Last but not least, we need to cover the two gentlemen who
worked as the backbone of the M*A*S*H 4077th ’s – its clerks: Radar
O’Reilly and then Max Klinger. Radar was
perhaps one of the youngest soldiers in the camp – barely graduating from high
school before he enlisted in the Army.
In many ways, he was still very much a kid who had to learn to grow up quickly
in order to survive. Luckily, he was a
fast learner and quickly made himself indispensable to the two Officers in
Command: Colonel Blake, then Colonel Potter. Towards the second half of the
series, Radar gets shipped home when he is granted a “Hardship Discharge” due
to the death of his Uncle Ed. He returns
home to Ottumwa, Iowa to manage his family’s farm and to take care of his mother. This is where we pick up.
Any time Radar would talk about his mother and his family
farm, it was always with the utmost fondness, longing, and sense of
responsibility.

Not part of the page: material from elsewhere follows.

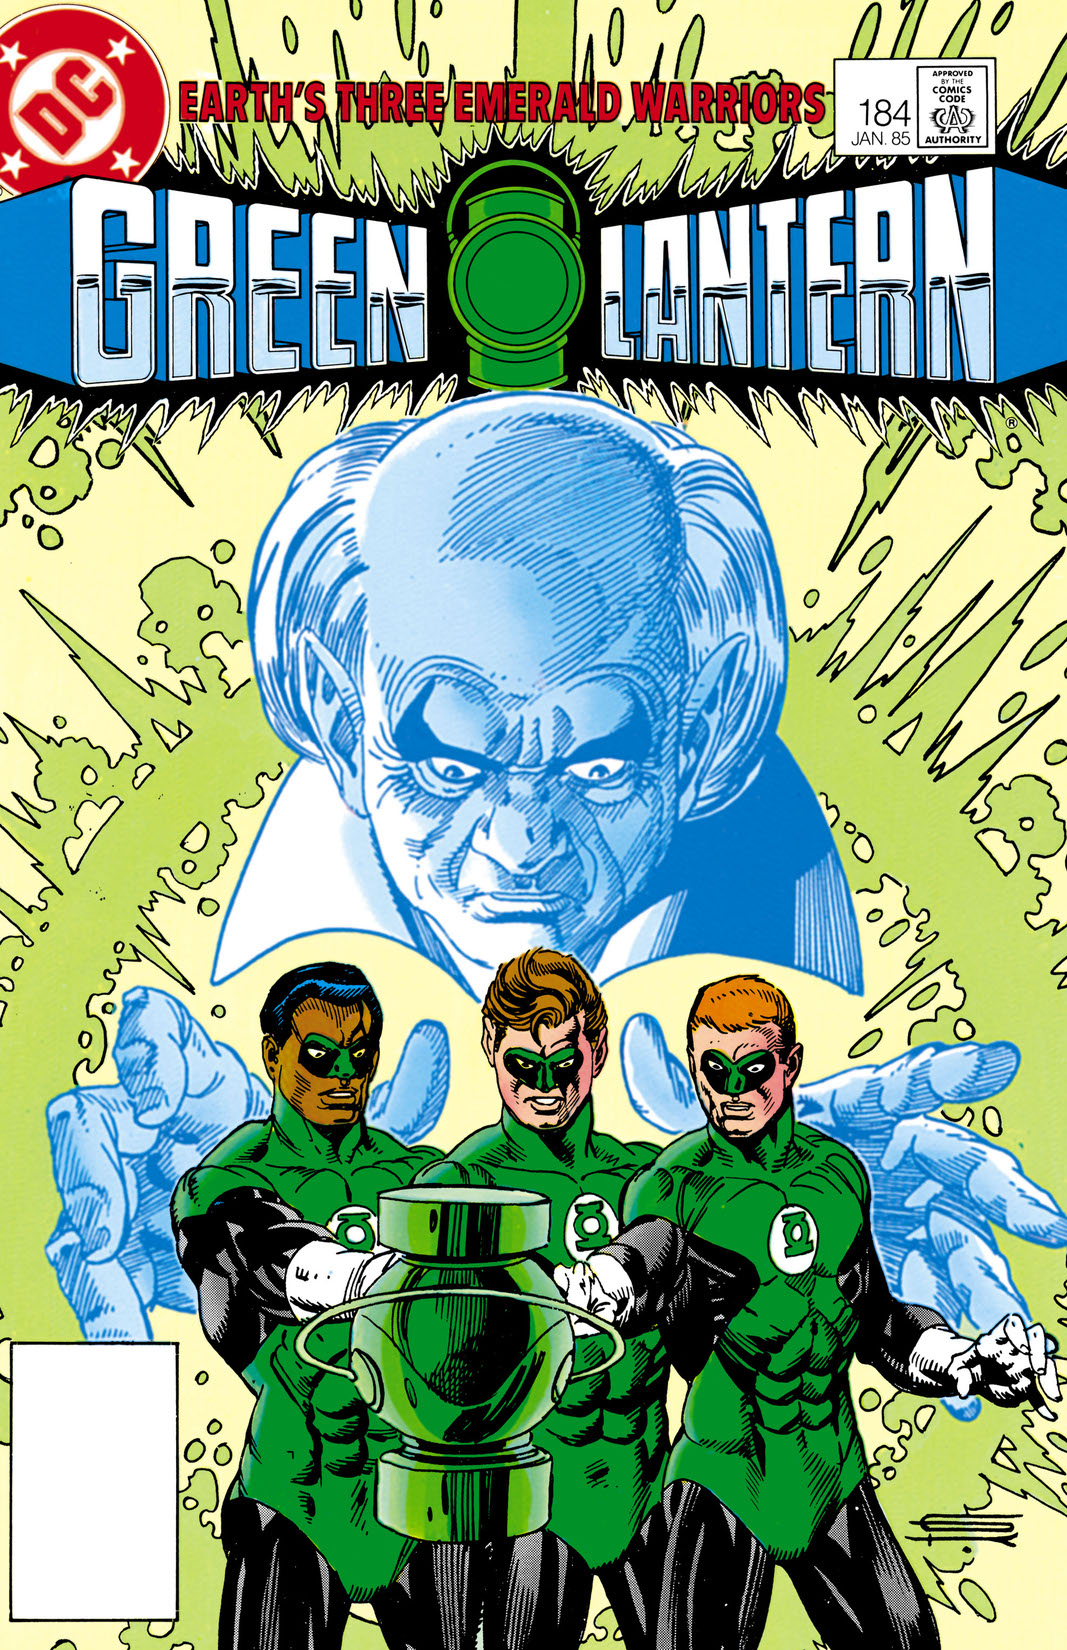 Green Lantern (1960-) #184 preview images

Based on this, I would
say that Radar returned home and settled eagerly into his new role as patriarch
of the house, as well as a big-man-on-campus type now that he was the only Army
veteran in this small farm town. However,
there were two problems: first, although he relished being home and running the
show, he also discovered that it wasn’t quite enough for him after returning
from life-and-death Korea. While Korea
was terrifying, boring, lonely, crowded, too cold, and too hot, it was at all
times exciting, different and exotic.
After so much over-stimulation, Radar couldn’t help but to feel like he
was going through the motions in low-key Ottumwa. How could he sit in the local coffee shop musing
about whether “we’d get some rain soon” when he had witness so much horror and
triumph of the human spirit while at war?

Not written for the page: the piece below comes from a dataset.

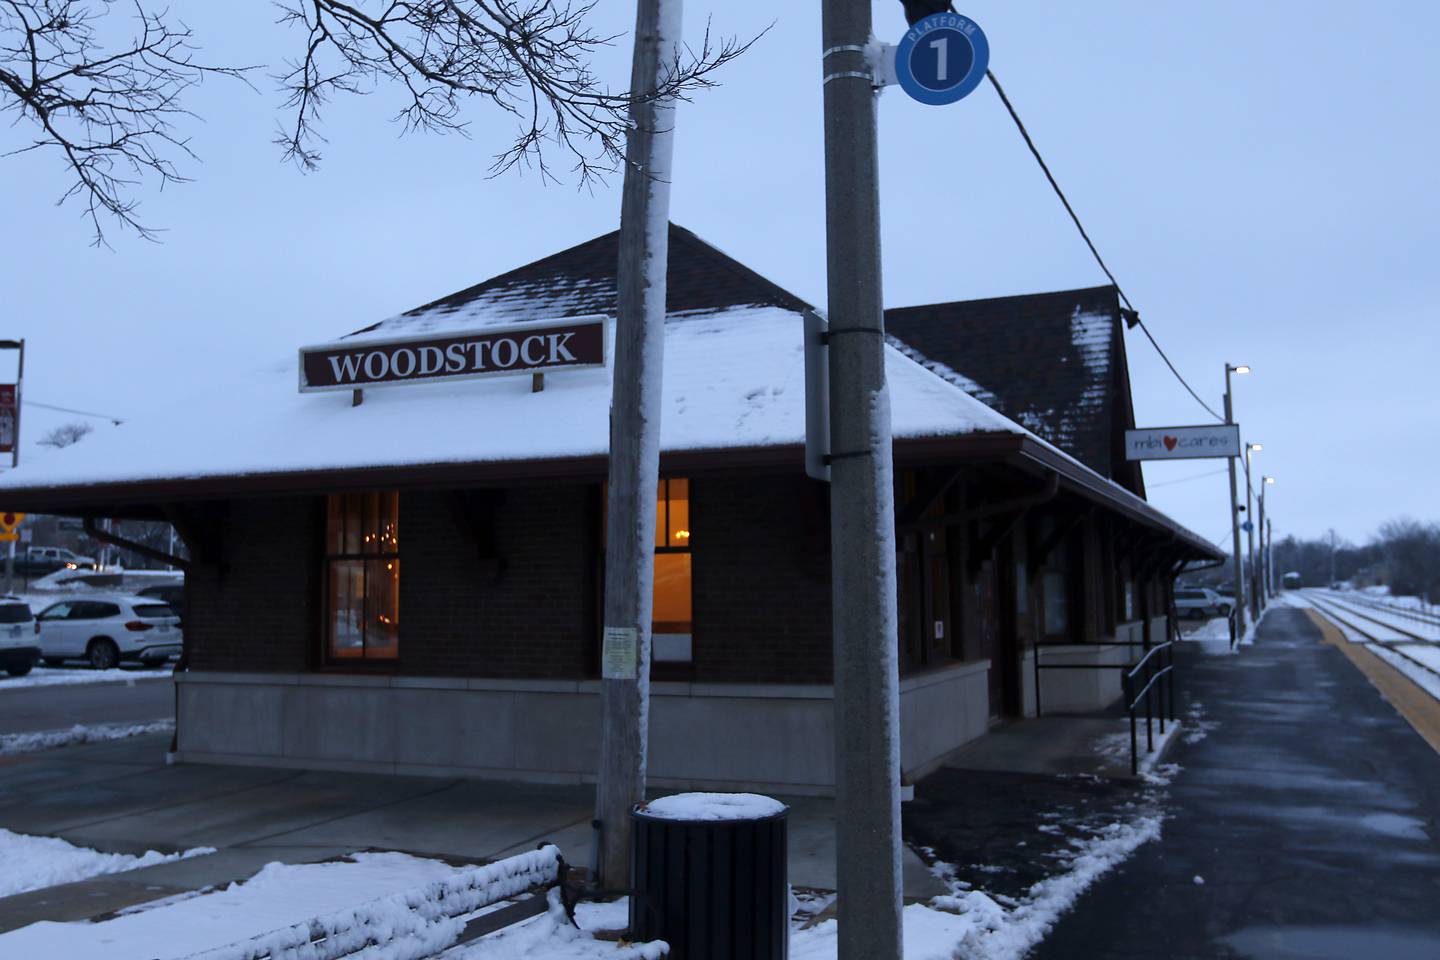 After a group asylum seekers were dropped at the train depot in Woodstock a group of volunteers including Rob Mutert and Tom Wilson of MBI jumped into action to help support them by opening the MBI Community Depot for as a warming stations  and by finding weather appropriate clothing.

He couldn’t help but to daydream about his Army family and wonder if
they were all happy and content and safe now that they were all back home as
well. Nonetheless, and mostly for lack
of knowing any other path to take, Radar tried to content himself with his Iowa
life. The second problem that Radar
encountered happened a little farther down the road: after a decade or so of
taking care of his mother and the farm, he had grown tired of the confines of
his environment. Mrs. O’Reilly had grown
older and more dependent upon him, and Radar knew she would not welcome a new
Mrs. O’Reilly in his life. Occasionally,
Radar went out on dates with a local girl or two, but he was always home before
his mother’s bedtime so he didn’t keep her up and waiting. Over time, Radar grew resentful of this
situation but again, for lack of knowing any other path to take, he just kept
going along. When Radar was about 32
years old his mother died. At first, he
did not change a thing about his life; he mourned his loss and kept up the
farm. But within 6 months, Radar came to
the conclusion that it was now-or-never, and he leased the farm to some local farmers
and packed up and moved to the big city – Cincinnati. There, the first thing he did was to get a
job as a clerk in an office as this was the only other thing he knew how to do
besides farming. This job was different
than he recalled his job was in the Army: everything moved slowly and systematically,
and he was nobody’s Right Hand Man.
Nevertheless, Radar enjoyed the job and its intellectual
stimulation. Over the years, Radar worked
his way up to Chief Operating Officer of this mid-sized company. When he was 55 yrs old, he sold his family
farm which made him financially secure for life (along with his company
pension). Radar is 63 yrs old as he
heads to the Dedication Ceremony of the Korean War Memorial.